Everything is oddly surreal here. I have all the kids at home (plus oldests' other half staying for the weekend) and it's simply life as normal, which somehow feels wrong. Yet I can't expect (and in reality, don't want) the kids to be devastated. My Mum's behaviour ensured that as they grew older they tended to naturally not want to spend a lot of time with her, as the kids themselves have said, 'Gran was only interested in herself - she didn't really want to know about us, anyway'. So its completely understandable that they are not heartbroken or dreadfully upset, but in the middle of us all sitting round the table chatting, or when the kids propose a day out or doing something nice, part of me feels awfully sad that there is no real grief and that they won't actually miss her presence in their lives. And that its wrong that we are all going on without really acknowledging that Mum has died - I keep thinking that I too should be feeling grief-stricken and desperately sad, almost wishing I could - but all that's there is sadness and regret that I can't and don't feel like that.

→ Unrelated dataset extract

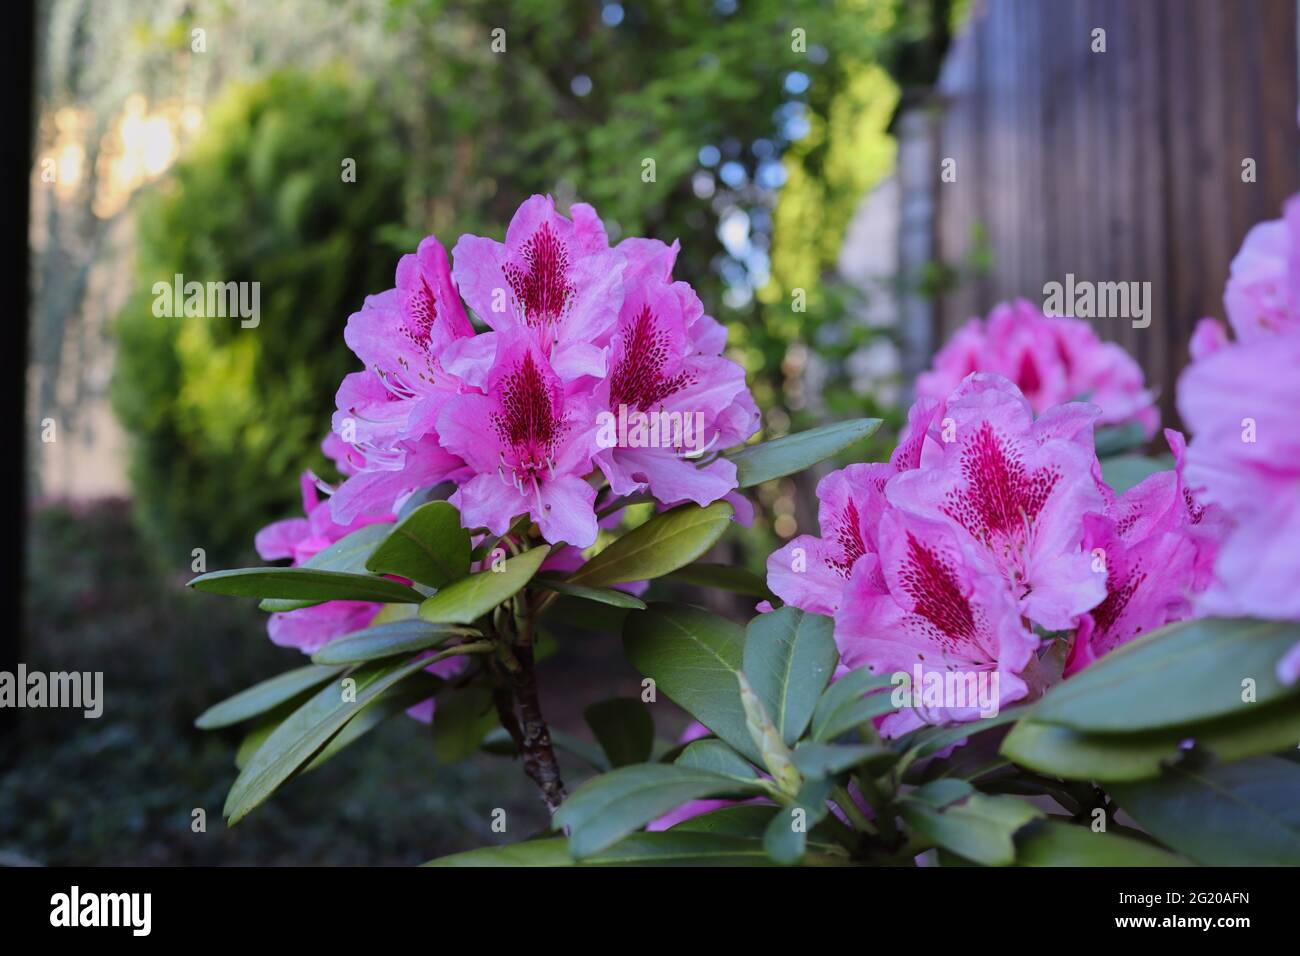 Roztoky, Czech Republic - 22 May, 2021: Pink Rhododendron Flower in the Garden. Catawba Rhododendron belongs to the Family Ericaceae. Stock Photo

I have no idea still when the funeral is. Step dad has tried a few times to get me to either try and contact the so called 'Christian' sister, or to try and persuade the other sister who lives locally to come to the funeral - I've said to him that those are the two things that I can't and won't do. I fully understand why one won't come, given how badly Mum treated her over the years and I am not going to pressure her. As for the 'Christian' sister - well, there is nothing 'Christian' about her in reality, and as I've said to Step-dad, once she knows, like her Mum, she will make it all about her and do nothing but critcise and kick off about what she wants. She has been very vocal in the past about how she believes that all of us are destined for Hell and Damnation because we are not (in her eyes) 'Christians' - she shouted loudly about that when Mum had a brush with cancer, 16 years ago, going so far as to give Mum's phone number and address to a particularly fanatical member of her church, who then proceded to bombard Mum with letters telling her to 'repent and find God' as she might now be dying and would otherwise find herself 'burning in the fires of hell' (Yes, honestly!) - I can only imagine what she might say or do now Mum is dead, and am seriously worry about the likely hurt she will cause step dad and my brother, if she decides to turn up to the funeral - which I think she is likely to do. It wouldn't be like her to miss a chance to try for centre stage and make it all about her and her religion :rolleyes:. However, step dad really feels that she should be contacted and I assume that its because I won't 'help' with that, that I'm left waiting in vain for promised phone calls and information. Well, either that or because it seems that a lot of time is being spent drowning their sorrows and they have possibly been too drunk most evenings to remember to phone - I'm more than half expecting a drunken and abusive call at some point, from either step dad or brother - and just hope that I have the sense to put the phone down without responding if it does happen. Perhaps because I can't grieve for her the way I think I should, it feels very important that no matter what anyone else does, that I behave in a way that is at least respectful to Mum, and that won't give me cause for regret at a later date.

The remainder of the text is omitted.